Line 118: Is this dataset also collected by digital cameras?
Line 119: How were these 280 sites selected (for example, the PhenoCam Network has 393 sites alone)? How many sites are from each of the 3 networks?
Line 120: How are SOS and EOS extracted from all the phenocam datasets? In general, the methods of data collection and extraction from all 3 phenocam datasets could be explained in more detail.
Line 129: How was interannual variability used to assign weights to each dataset? Are datasets considered more or less accurate with higher interannual variability? Why?
Line 130: How exactly were the datasets compared to get a value of “consistency” and “offset”? Please explain these methods in more detail.
Line 136: How are the methods described in section 2.2 and 2.2.1 different? Isn’t 2.1 describing the REA method? (Also missing a 2.2.2 section in the paper).
Line 137: What is the “voting principle”?
Line 169: What does BIAS stand for? What is it measuring? Similarly, what is the difference between the RMSE and unbiased RMSE (For both, I don’t mean mathematically, but rather contextually in terms of understanding the data).
Line 194: Were all analyses only for above 30 degrees N? If so, that should be stated in the methods.
Line 254: Remove the “etc” (not clear what it refers to – just list more places if desired).
Line 262: Include references for this claim.
Line 302-303: Which site did you chose? From which phenocam dataset? Change “American” to “US”.
Line 312: Remind readers that an “advance” in SOS means earlier dates. The terms “advance” and “delay” can sometimes be confusing to follow.
Line 315: Some regions also show a significant delay in SOS (Fig 7b) – it would be good to point that out, too.
Line 329: change “were” to “are”- they’re still widely used.
Line 332: What does the “complexity of surface backgrounds” mean?
Line 334: Please explain what the “mixed-pixel effect” is.
Lines 337-350: I feel like this paragraph could be either removed or condensed down into 2-3 sentences. You already set up why this data fusion method works in the intro and methods. I would just broadly state the benefits again without re-stating all the details.
Line 341: What does the “process of coefficient determination” mean?
Lines 341-342: Please further explain what the non-linear change in endmembers is and why that would result in poor performance. This is the first time it is mentioned in the paper.
Line 342: Please redefine REA acronym the first time it’s used in the discussion section.
Line 349: What is the “voting principle”?
Line 356: It’s not clear what “high processing efficiency” means – how does that relate to the low RMSE of the REA dataset?

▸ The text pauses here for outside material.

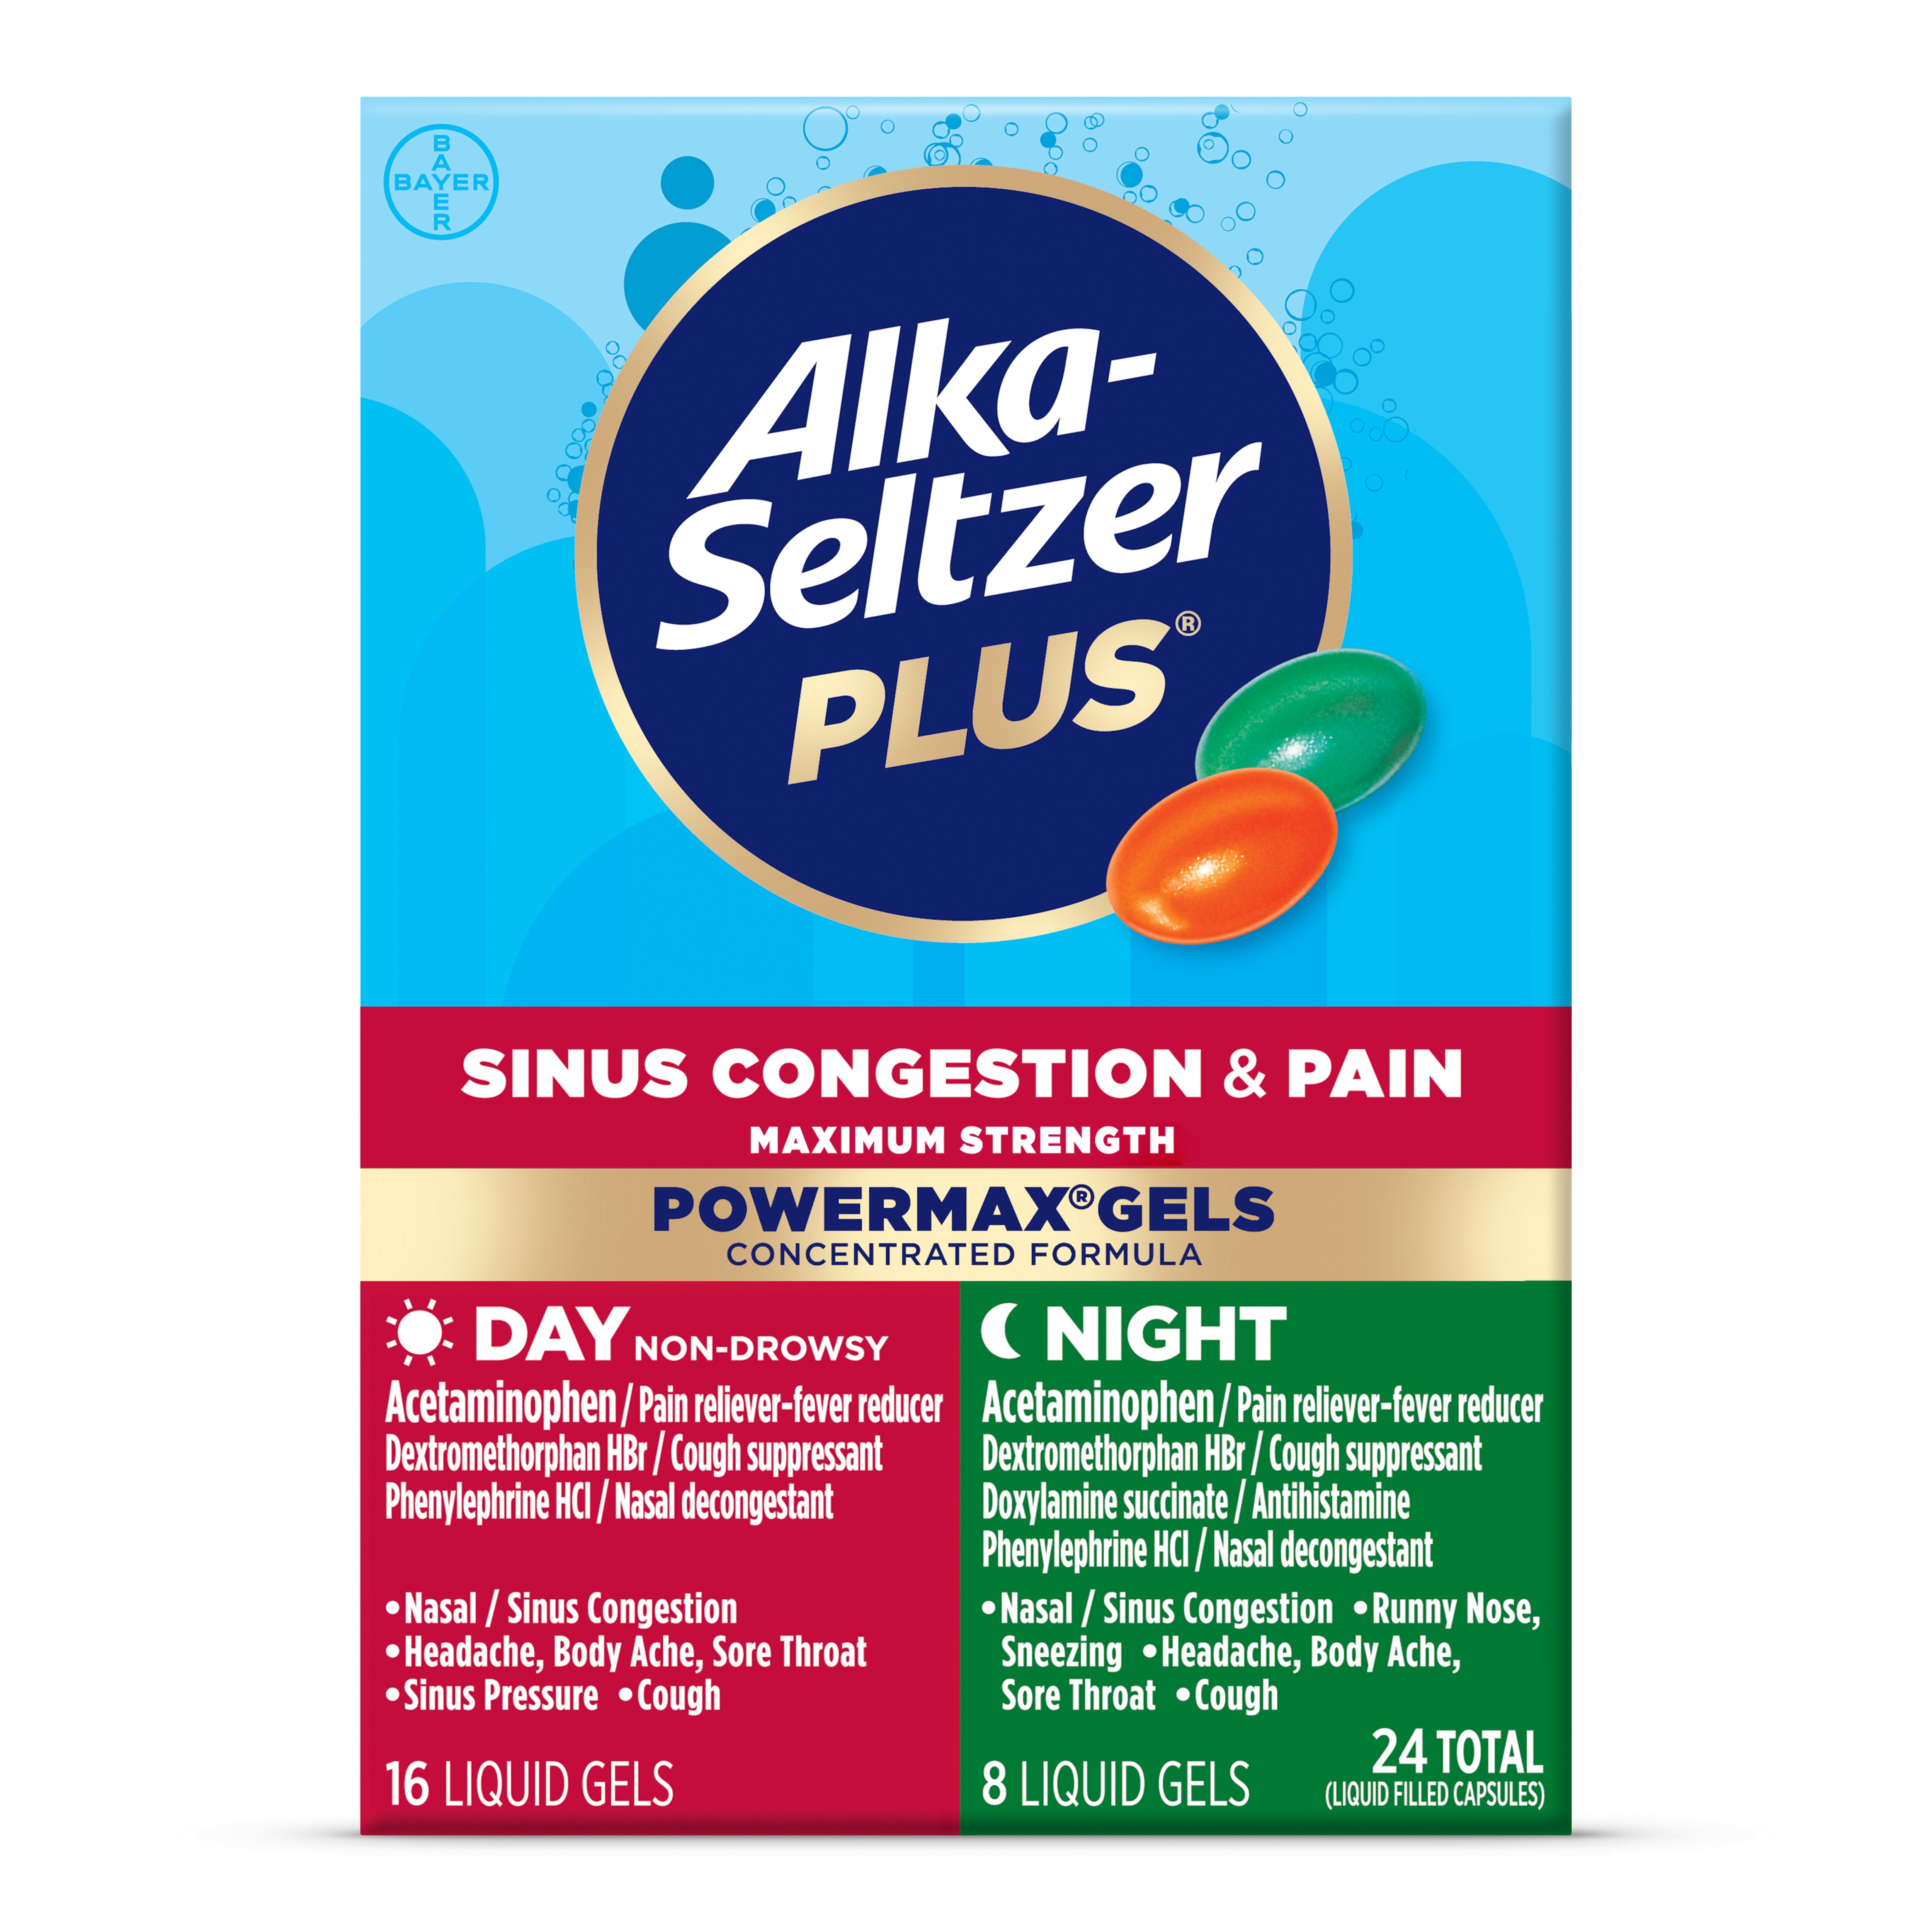 Alka-Seltzer Plus Maximum Strength Sinus Congestion & Pain PowerMax Gels Day & Night Combo Pack, 24 Ct , CVS

Line 359: How does this rate compare to other studies? Include citations.
Line 363: I suggest replacing “invaluable” with “accurate” or “reliable” (or something similar)
Line 264: Consider starting a new sentence here.
Figures:
Fig 2: Why are plots b & d sharing an axis with plots a & c? They don’t appear to share axis values. I was confused at first thinking that the weights (a & c) were shown by latitude, but that doesn’t seem to be the case, so it is misleading to share an axis.
Also, the vertical figure legend is hard to read- is it possible to place it somewhere where the dataset names can be written horizontally?
Fig 3: Please add a label/title to the legend scale bar (something like “Proportion of contribution”)
Fig 4. The legends and text are small and hard to read. In panel a, consider using a color scale with more variation – it’s hard to see differences between the shades of green. In the figure legend text, “EOS dates” panel should be “d” instead of “b”.
Fig 5: For all panels, include units in axes labels (DOY). In figure legend, remind readers that each data point represents a site year.
I suggest moving the radar charts (panels f & k) to a separate figure (they’re too small and hard to read) and include an explanation about how to interpret them in the results section.
Fig 6: Just an observation - for EOS, REA estimates are consistently late compared to phenocam. It could be related to how the EOS date is determined (which method/threshold used) for phenocam vs REA.
Fig 7: Need to add x-axis label. Are the black lines the average SOS/EOS date for each year? Please note in figure legend what the black and red dotted lines represent.
In the percentage insets in panels b and d, I assume the x-axis letters represent the significant/non-significant advance and delays (abbreviations aren’t defined)? Perhaps include the abbreviations in the legend with the colors: e.g., significant delay (DS), non-significant delay (DN), etc.
Citation: https://doi.org/10.5194/essd-2024-225-RC1 -
RC2: 'Comment on essd-2024-225', Anonymous Referee #2, 17 Oct 2024
The paper integrates four existing phenology datasets by applying different weights to the start (SOS) and end (EOS) of the growing season, as determined by each dataset. Overall, the manuscript is well-written and the dataset presented would be useful for community. However, several issues need to be addressed before it can be accepted for publication.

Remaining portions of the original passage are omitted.